3

I'm wondering if there is a good way to match a Gaussian normal to a histogram in the form of a numpy array np.histogram(array, bins).

How can such a curve been plotted on the same graph and adjusted in height and width to the histogram?

JohanC
  • 71,591
  • 8
  • 33
  • 66
Sam Sloan
  • 69
  • 5
  • 5
    I don't think any "fitting" is needed: the normal distribution [is defined by the mean and th standard deviation of your data](https://en.wikipedia.org/wiki/Normal_distribution), so you just plug those unto the formula for the PDF and plot it. – ForceBru Mar 22 '20 at 16:22
  • 1
    See also [this](https://stackoverflow.com/questions/59738337/how-to-draw-a-matching-bell-curve-over-a-histogram/59742545#59742545) and [this post](https://stackoverflow.com/questions/60091790/how-to-plot-the-density-of-states-using-histogram-with-a-curve-that-follows-the/60100773#60100773) about fitting a gaussian normal and a kde to a histogram – JohanC Mar 22 '20 at 20:33
  • @ForceBru Well, simply plotting the curve will not match it to the histogram. Some rescaling is needed. If the bins don't have an equal width, it even wouldn't be possible to match them. – JohanC Mar 22 '20 at 21:02
  • Also have a look at Seaborn's [`sns.distplot(array, kde_kws={'shade': True, 'color':'r'})`](https://seaborn.pydata.org/generated/seaborn.distplot.html).

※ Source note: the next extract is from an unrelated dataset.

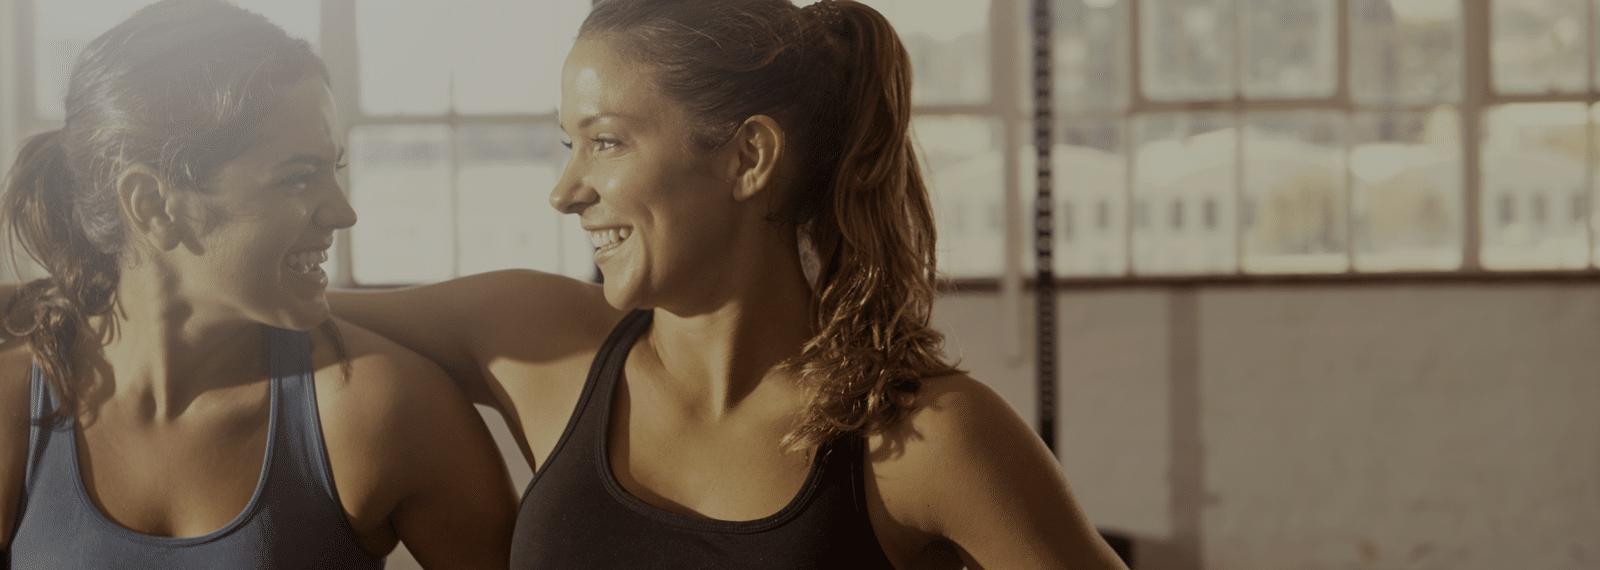 Starke-Frauen-im-Fitness-Loft-1600x570px
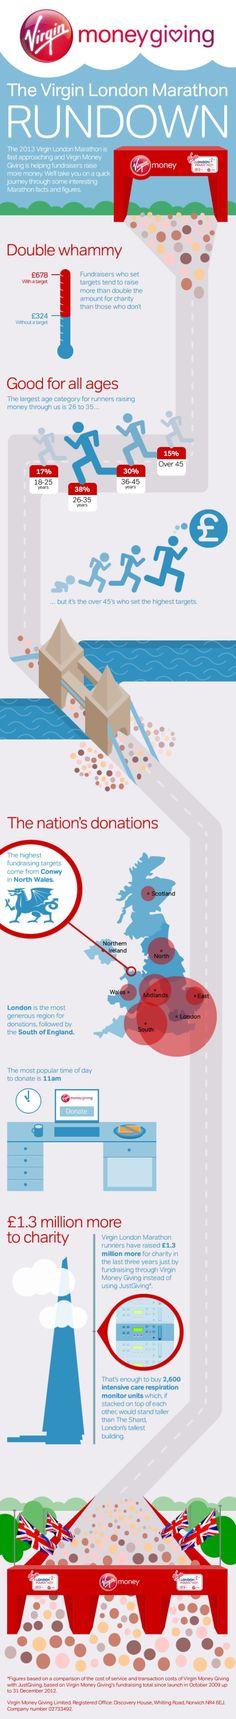 Virgin London Marathon - Some amazing numbers from Virgin London Marathon fundraising runners

This scales down the histogram to fit the kde. – JohanC Mar 22 '20 at 21:18

1 Answers1

2

You can fit your histogram using a Gaussian (i.e. normal) distribution, for example using scipy's curve_fit. I have written a small example below. Note that depending on your data, you may need to find a way to make good guesses for the starting values for the fit (p0). Poor starting values may cause your fit to fail.

import numpy as np
from scipy.optimize import curve_fit
import matplotlib.pyplot as plt
from scipy.stats import norm

def fit_func(x,a,mu,sigma,c):
    """gaussian function used for the fit"""
    return a * norm.pdf(x,loc=mu,scale=sigma) + c

#make up some normally distributed data and do a histogram
y = 2 * np.random.normal(loc=1,scale=2,size=1000) + 2
no_bins = 20
hist,left = np.histogram(y,bins=no_bins)
centers = left[:-1] + (left[1] - left[0])

#fit the histogram
p0 = [2,0,2,2] #starting values for the fit
p1,_ = curve_fit(fit_func,centers,hist,p0,maxfev=10000)

#plot the histogram and fit together
fig,ax = plt.subplots()
ax.hist(y,bins=no_bins)
x = np.linspace(left[0],left[-1],1000)
y_fit = fit_func(x, *p1)
ax.plot(x,y_fit,'r-')
plt.show()

Histogram with Gaussian fit

Andrew
  • 5,375
  • 3
  • 17
  • 12